- Theatrical release poster
- Directed by: Ram Sevaa
- Produced by: Joseph Baby
- Starring: Mahesh; Shalu Chourasiya;
- Cinematography: Venkat
- Edited by: A. Marish
- Music by: Amresh Ganesh
- Production company: Shankar Movies International
- Release date: 13 September 2019;
- Country: India
- Language: Tamil

= En Kaadhali Scene Podura =

2019 Indian comedy film by Ram Sevaa

En Kaadhali Scene Podura is a 2019 Indian Tamil-language romantic comedy film directed by Ram Sevaa. It stars Mahesh and Shalu Chourasiya alongside an ensemble cast.
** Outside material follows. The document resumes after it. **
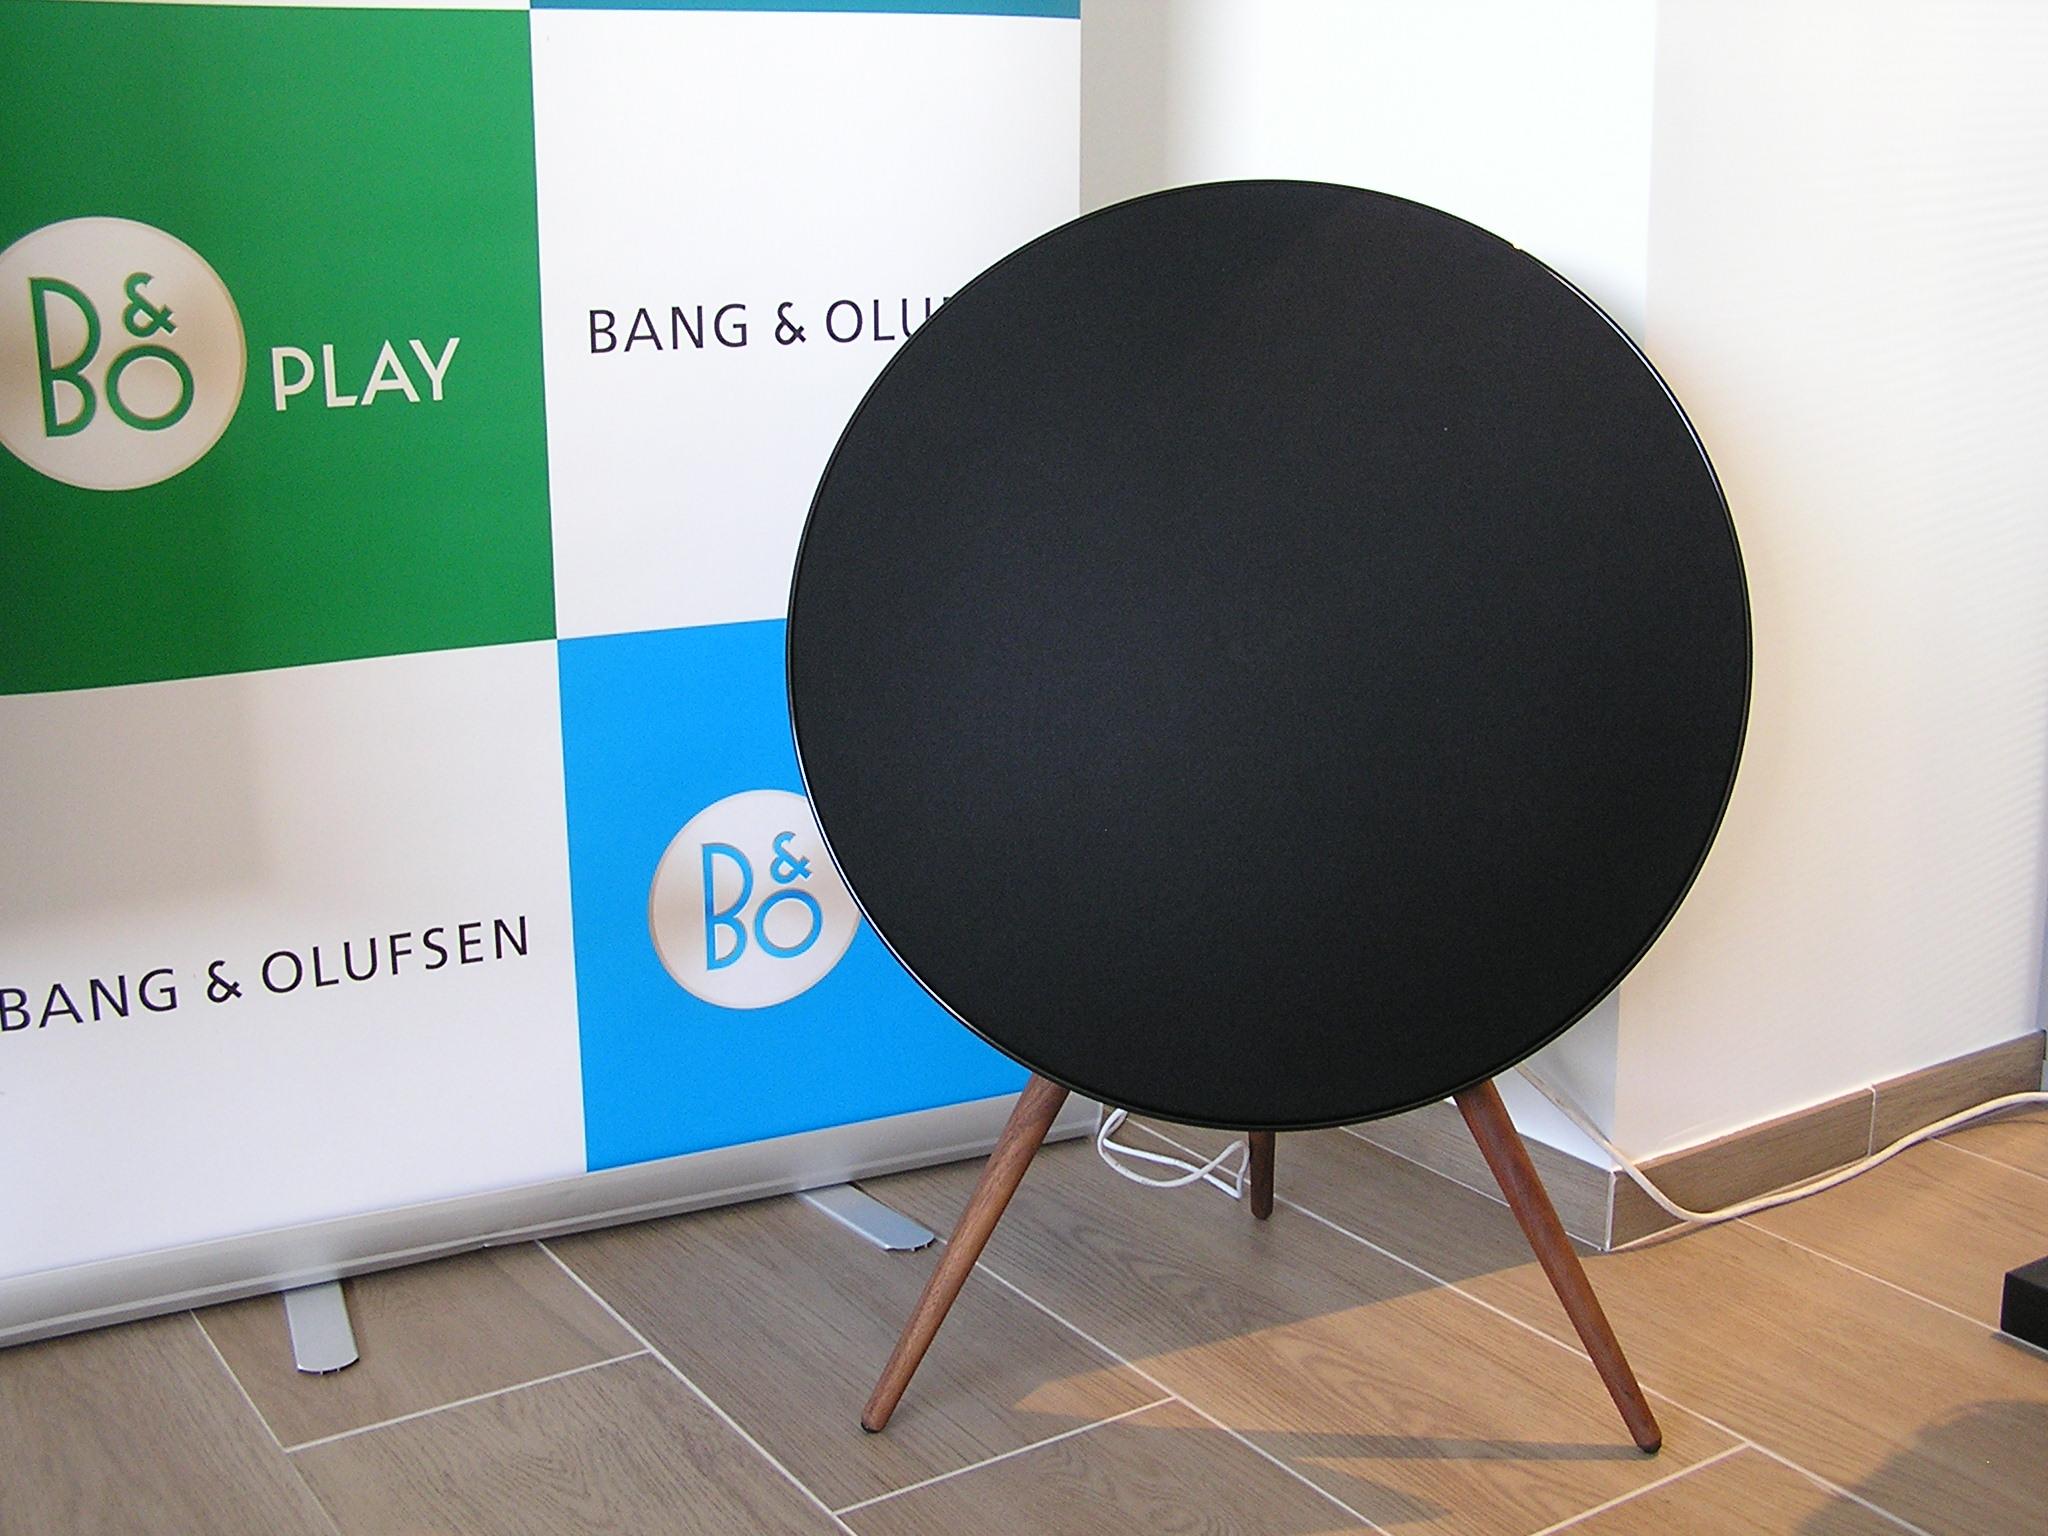 ENCEINTE SANS FIL HI-FI B&O Play A9
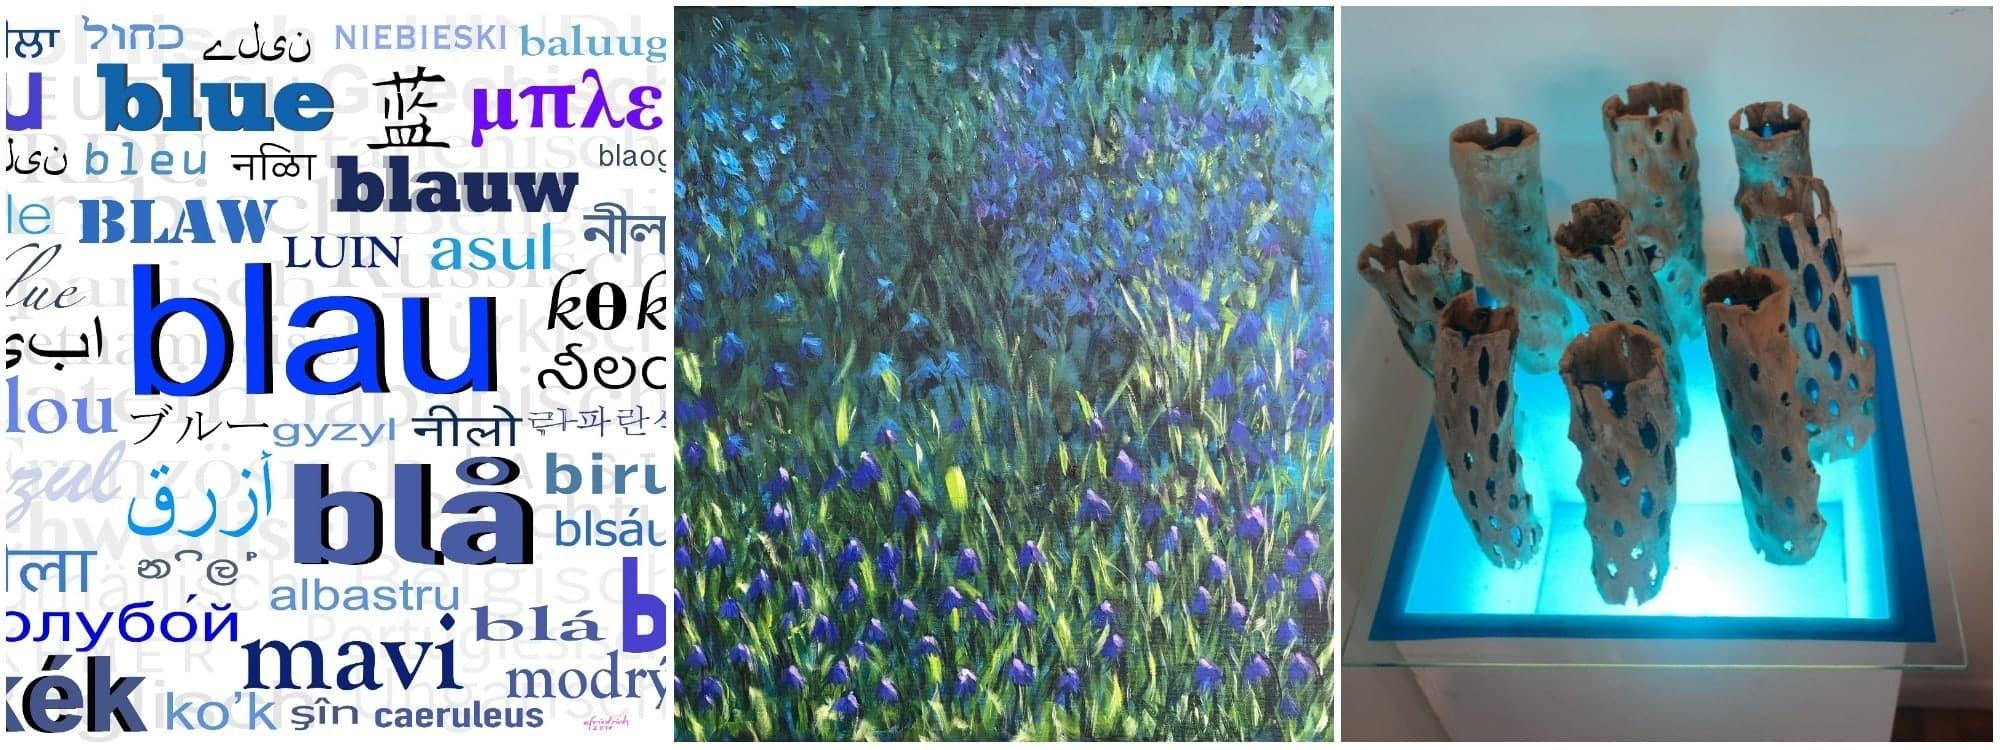 "Style Hannover Blaues Band Collage EF AK BE I - Ausstellung ""Das Blaue Band"" | BBK"

Featuring music composed by Amresh Ganesh, the film began and ended production in 2018 and was released on 13 September 2019.

== Production ==
The film featuring Mahesh and debutant Shalu Chourasiya was shot in early 2018, with director Ram Sevaa making his second film after the unreleased Tea Kadai Bench. The director based the story of the film on a real life incident that he had witnessed in the 1990s, and completed the shoot of the film within 23 days.

== Soundtrack ==
The soundtrack was composed by Amresh Ganesh. Prior to the film's release, Mahesh highlighted the music as a major selling point of the film.

Track listing
| No. | Title | Singer(s) | Length |
|---|---|---|---|
| 1. | "Bro Bro" | Amresh Ganesh |  |
| 2. | "Chella Nilavey" | Sharath Santhosh |  |
| 3. | "Nilla Kallula" | Senthil Ganesh, Rajalakshmi |  |
| 4. | "Scene Podura" | Krish |  |

== Critical reception ==
Aneruth Rengarajen of Cinema Express gave a negative review and wrote that the film was "a mess of a movie that does not know what it wants to be". Maalai Malar praised the music but criticised the cinematography.